Additionally, extensive studies on vertical PV systems that utilize bifacial modules have been conducted. In particular, studies to integrate vertical PV systems into various applications, such as agricultural fences and rooftops, to investigate both power generation and additional benefits are underway [5,6]. Furthermore, measures to increase the power generation of vertical PV systems have been proposed [7]. Moreover, the economic viability and advantages of vertical PV systems under specific conditions have been analyzed [8].
To enhance the renewable energy hosting capacity within the power grid, distribution system operators must consider certain scenarios and technologies to improve distribution systems [9]. Additionally, the impact analysis of improving the hosting capacity by considering regulatory relaxations and investment recovery in the power industry has been presented [10]. Studies addressing hosting capacity improvements in distribution system designs related to an increase in PV and electrical vehicle capacity have been reported [11]. Furthermore, scenarios that explain the combination of vertical and conventional PV systems for hosting capacity enhancement have been explored internationally [12].
This study involved practical demonstrations of various vertical and conventional PV systems. We employed actual data collected over 11 months, including generation patterns and peak generation data, to investigate hosting capacity improvement. To analyze the hosting capacity effects, voltage stability and thermal capacity line verification were conducted to ensure the reliability of the research results.

2. Materials and Methods

2.1. Cumulative PV System Capacity in South Korea

According to the Korea Energy Agency, as of December 2021, the total installed capacity of PV systems in South Korea was 21.2 GW. This capacity is distributed across various sectors as follows (Table 1): 5.8 GW in the Korea Power Exchange (KPX) market, 13.2 GW in power purchase agreement (PPA) contracts with the KEPCO, and 2.4 GW in behind-the-meter (BTM) installations [13,14,15].
PV systems are concentrated in specific areas where land costs are low and solar conditions are favorable. However, this concentration has led to a shortage of connection lines, resulting in waiting times for connections. This issue has become a societal concern as it directly impacts the profitability of businesses. Additionally, connections to the end of the power grid result in power quality issues, such as voltage spikes, owing to reverse flow. Consequently, studies aimed at enhancing the hosting capacity by considering the voltage quality in connection lines are underway.
In South Korea, where approximately 60% of the land is mountainous, vertical PV systems that can be applied in various settings have been developed. Government projects related to vertical PV systems, including those with additional functionalities, such as fences and soundproof walls, are underway. Furthermore, with the ongoing development of flexible thin-film and multi-junction solar cells, which have fewer installation constraints, their integration with vertical PV systems is worth exploring.

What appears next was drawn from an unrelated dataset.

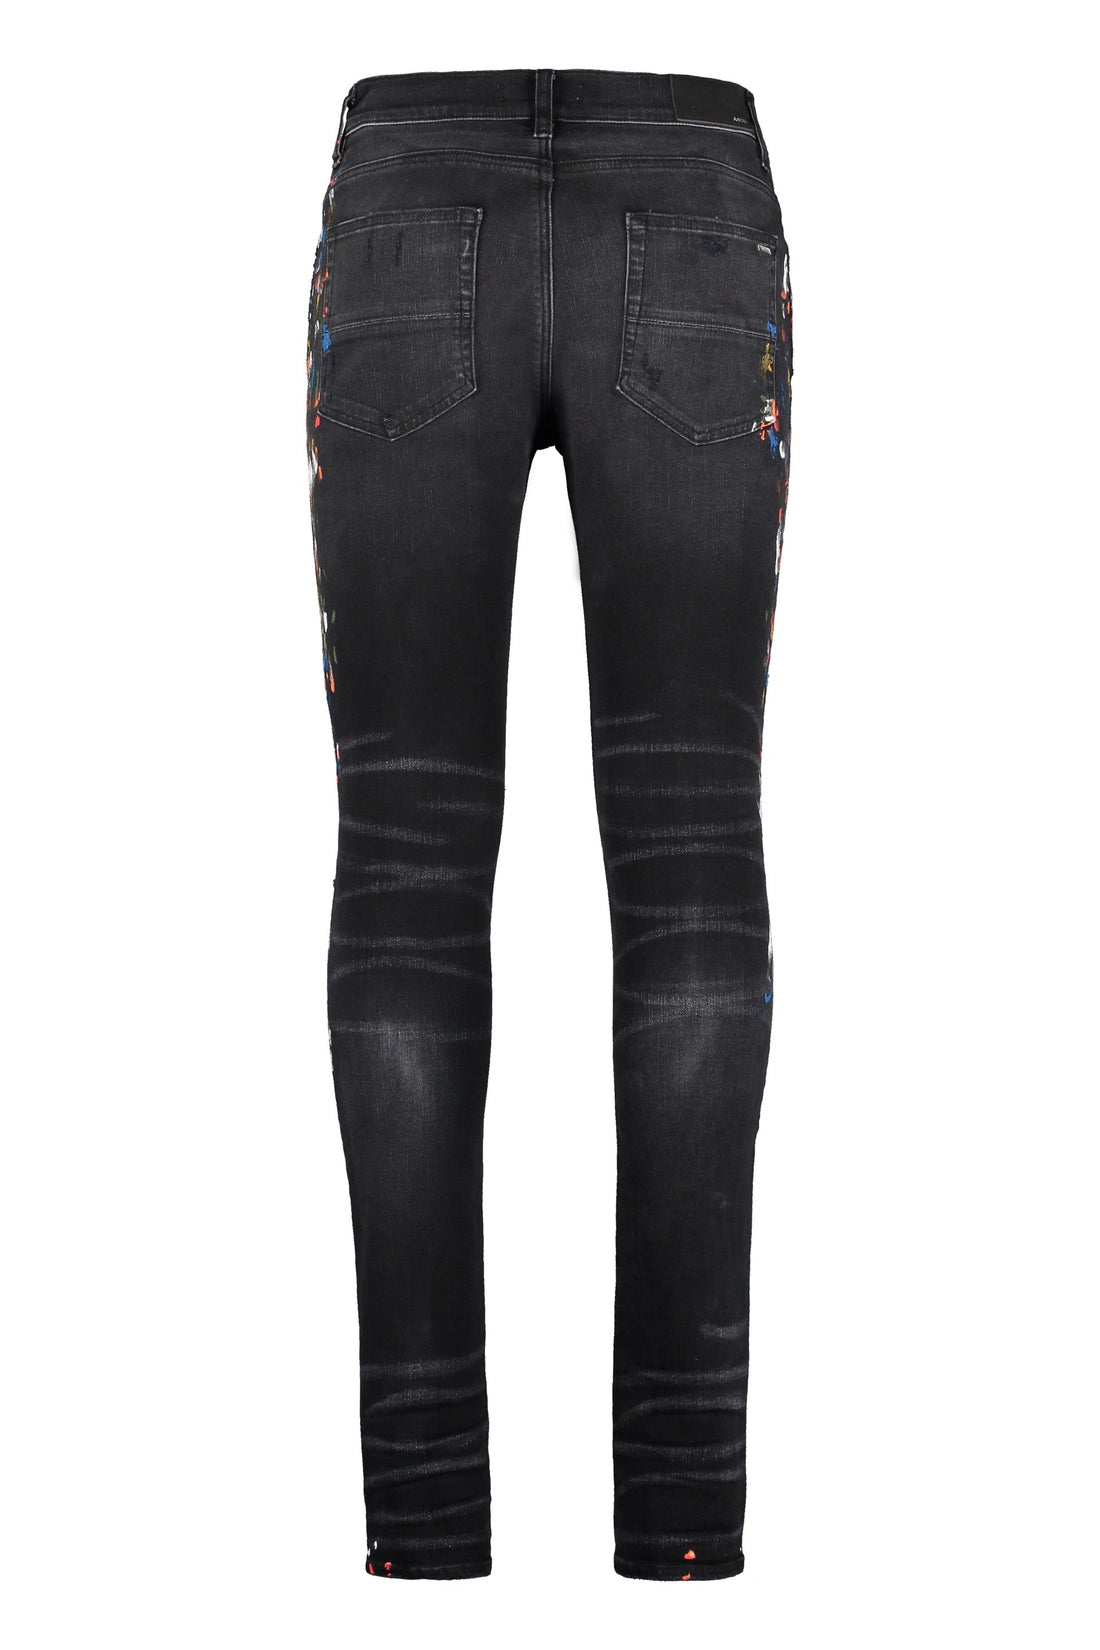 AMIRI-OUTLET-SALE-Stretch skinny jeans-ARCHIVIST
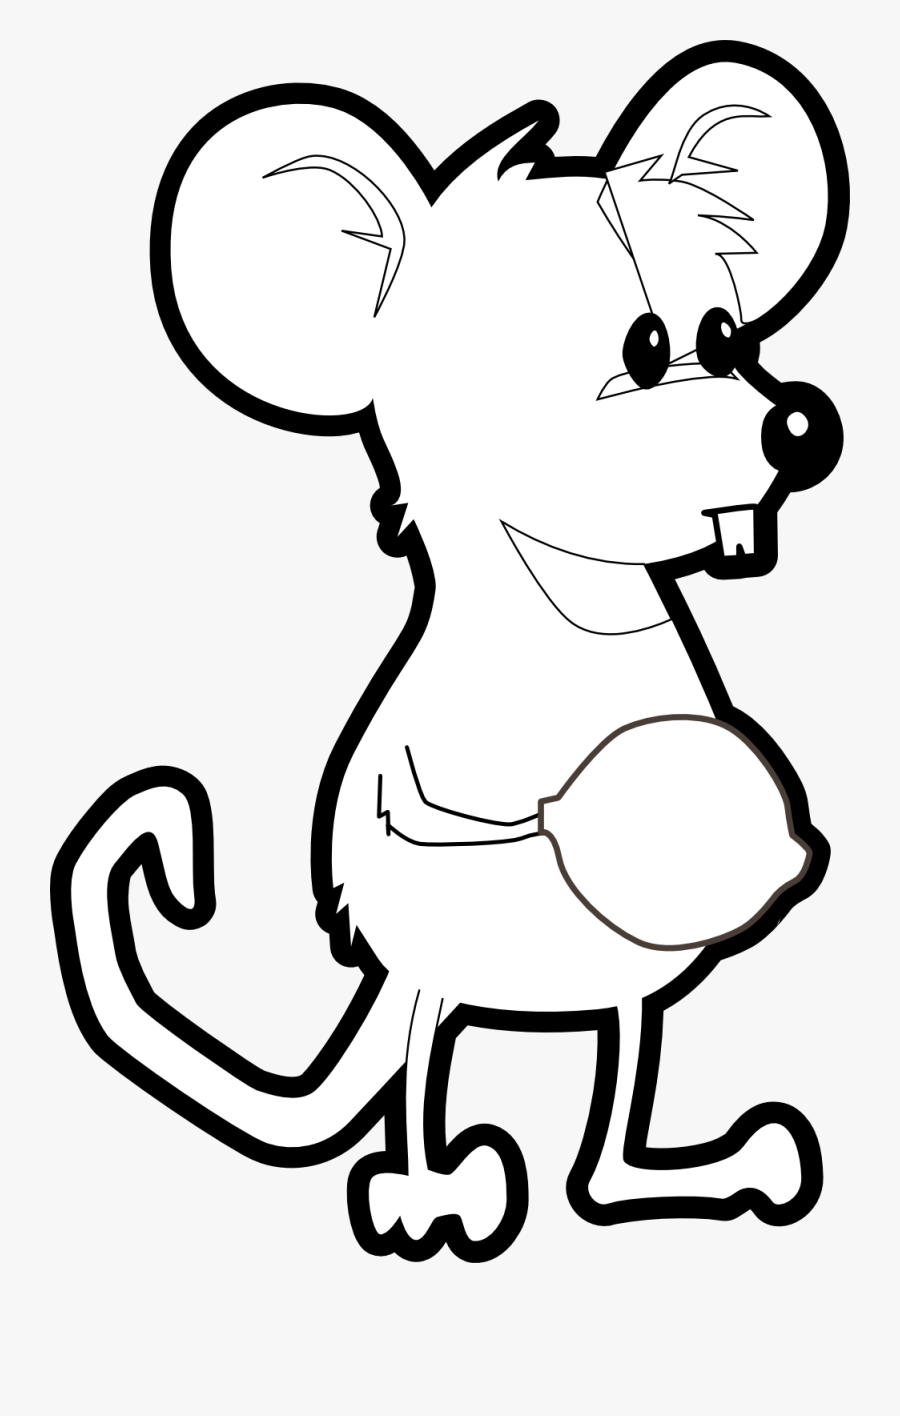 Computer - Mouse - Clipart - Black - And - White - Cartoon Rat Clipart Black And White, Transparent Clipart

2.2. Characteristics of Vertical PV Systems with Bifacial Modules

In a conventional PV system with a sloped configuration, the modules are typically installed facing south at a tilted angle of 25–30° to maximize annual energy production. These systems reach their peak performance when the sun’s altitude is the highest, typically around noon. However, vertical PV systems, which utilize bifacial modules installed vertically with the front and rear sides facing east and west, respectively, exhibit a dual-peak energy production pattern concentrated in the morning and afternoon, forming a twin-peak shape [16].
A comparison of the power output patterns of conventional (south-facing) and vertical (east-west orientation) PV systems is shown in Figure 1. Based on previous findings, depending on the installation environment, vertical PV systems can achieve energy production levels comparable to or higher than those of conventional systems. Energy production is influenced by various factors, such as the latitude of the installation country, altitude variations, and climatic conditions.

2.3. Installation and Operation of Vertical and Conventional PV Testbeds

To collect output characteristic data for vertical and conventional PV systems, a testbed was constructed in Naju City, Jeollanam-do, South Korea. This region was selected owing to its high occurrence of PV connection delays. The vertical PV system had a capacity of 14.8 kW, whereas the conventional PV system (south-facing with a tilt angle of 25°) had a capacity of 11.0 kW. To analyze the output characteristics of the vertical PV system utilizing bifacial modules, a control group was established by installing a conventional PV system with bifacial modules. The ground at the generation site was covered with gravel, resulting in an albedo level of 18% [17]. The actual landscape of the constructed testbed is shown in Figure 2. Magnified images of the vertical and conventional PV systems utilized in this study are shown in the red boxes.
The bifacial solar modules utilized in this study were rated at 460 W by Hanwha Q CELLS, Republic of Korea. Modules with glass materials of the same thickness (2 mm) on both sides were selected to facilitate the analysis of the output characteristics from both the front and rear sides. The specifications are listed in Table 2.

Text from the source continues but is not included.